Today’s People’s March, protesting Donald Trump’s second inauguration, numbered in the thousands, far shy of the millions mobilized by the Women’s March 8 years ago. There are always protests at presidential inaugurals, but the Women’s March of 2017, along with scores of sister marches, was the largest one day demonstration in American history. It’s hard not to compare, even though so many elements of the politics of the moment are radically different than 2017–many much worse.

Comparison, I’ve heard, is the thief of joy.

One reason organizers chose not to stage a national march–along with scores of sister marches–was knowing that the inevitable smaller turnout would show as a sign of weakness.

The Trump team also worked to avoid comparisons: in 2017, Trump sent his press secretary out to announce the biggest inaugural turnout ever–an astonishingly obvious lie that set the tone for the next four years. Mainstream media outlets quickly published photos comparing the Trump crowd with those attending the Obama inaugurations. Alternative facts indeed. This time, Trump moved the inaugural inside (blaming the weather) and took down the Jumbotrons on the mall so there would be no photographic comparisons showing a skimpy turnout.

The Women’s March of 2017 announced a clarion resolve to resist the new administration–and it worked. (I edited a book about this with Sid Tarrow.) Successful tactics communicate commitment, encouraging allies to do more, and giving pause to some of the less resolute opponents. People who opposed the new administration on civil liberties, immigration, reproductive rights, tax justice, climate change, and so much more, saw that they were not alone and continued their own campaigns. The following week, protesters (some wearing the emblematic “pussy hats”) surged to virtually every international airport in the United States to protest the first sloppy and hateful “Muslim ban.” And there was more: elected officials issued legal challenges, while activists offered shelter and service to travelers caught in the chaos. The Administration was forced to litigate and revise its policies (twice), losing time and a bit of the dramatic cruelty.

Then each weekend in Washington, DC witnessed protests against Trump on behalf of specific grievances: climate, science, abortion, gun safety, democracy and more. Activists formed new organizations and forged new ties, animating a broad opposition that included not only protests, but electoral politics as well–and the Democrats made large gains, notably picking up more than 40 seats and gaining the majority in the House of Representatives.

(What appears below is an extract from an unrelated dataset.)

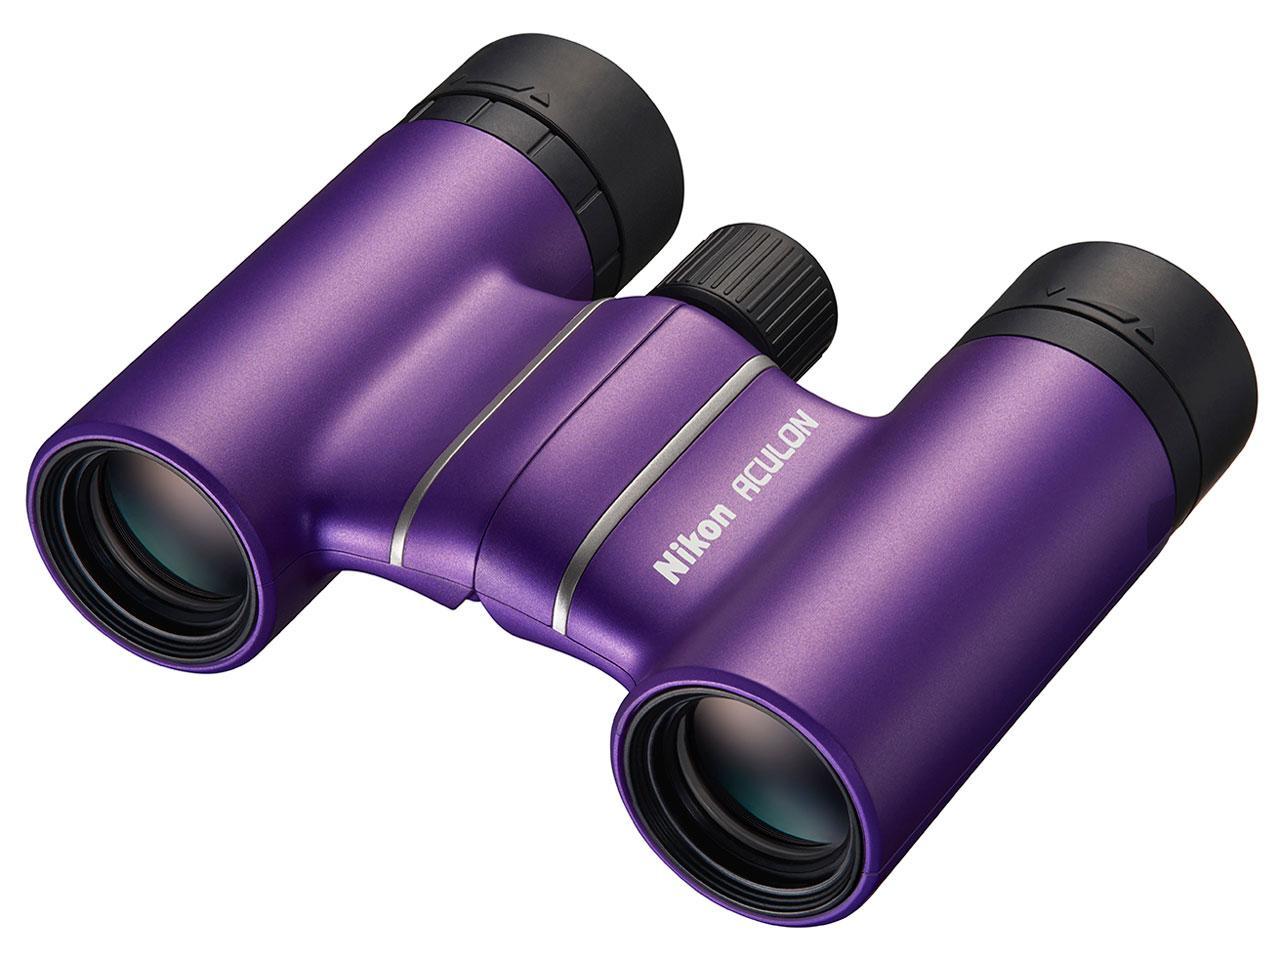 Nikon(ニコン) 8倍双眼鏡 アキュロンT02 8×21 PP (1468047)

Trump’s opponents made progress in a battle of position. But the Women’s March and subsequent protests didn’t end the contest. Protest works, but not by itself, and not on a time frame that some activists imagine when they set aside a weekend and plot a placard. To work a demonstration–or any other protest action–has to become part of a longer, more complicated active campaign, including a wide range of efforts.

This time is different. Trump’s second election, with more votes than in 2016 and more votes than Kamala Harris is more than a slight to those who organized and protested years ago. Certainly, it’s a challenge that calls for a reevaluation of strategies and tactics, but that’s nothing like capitulation. The terms and turf in Trump II will be different, but no less contentious.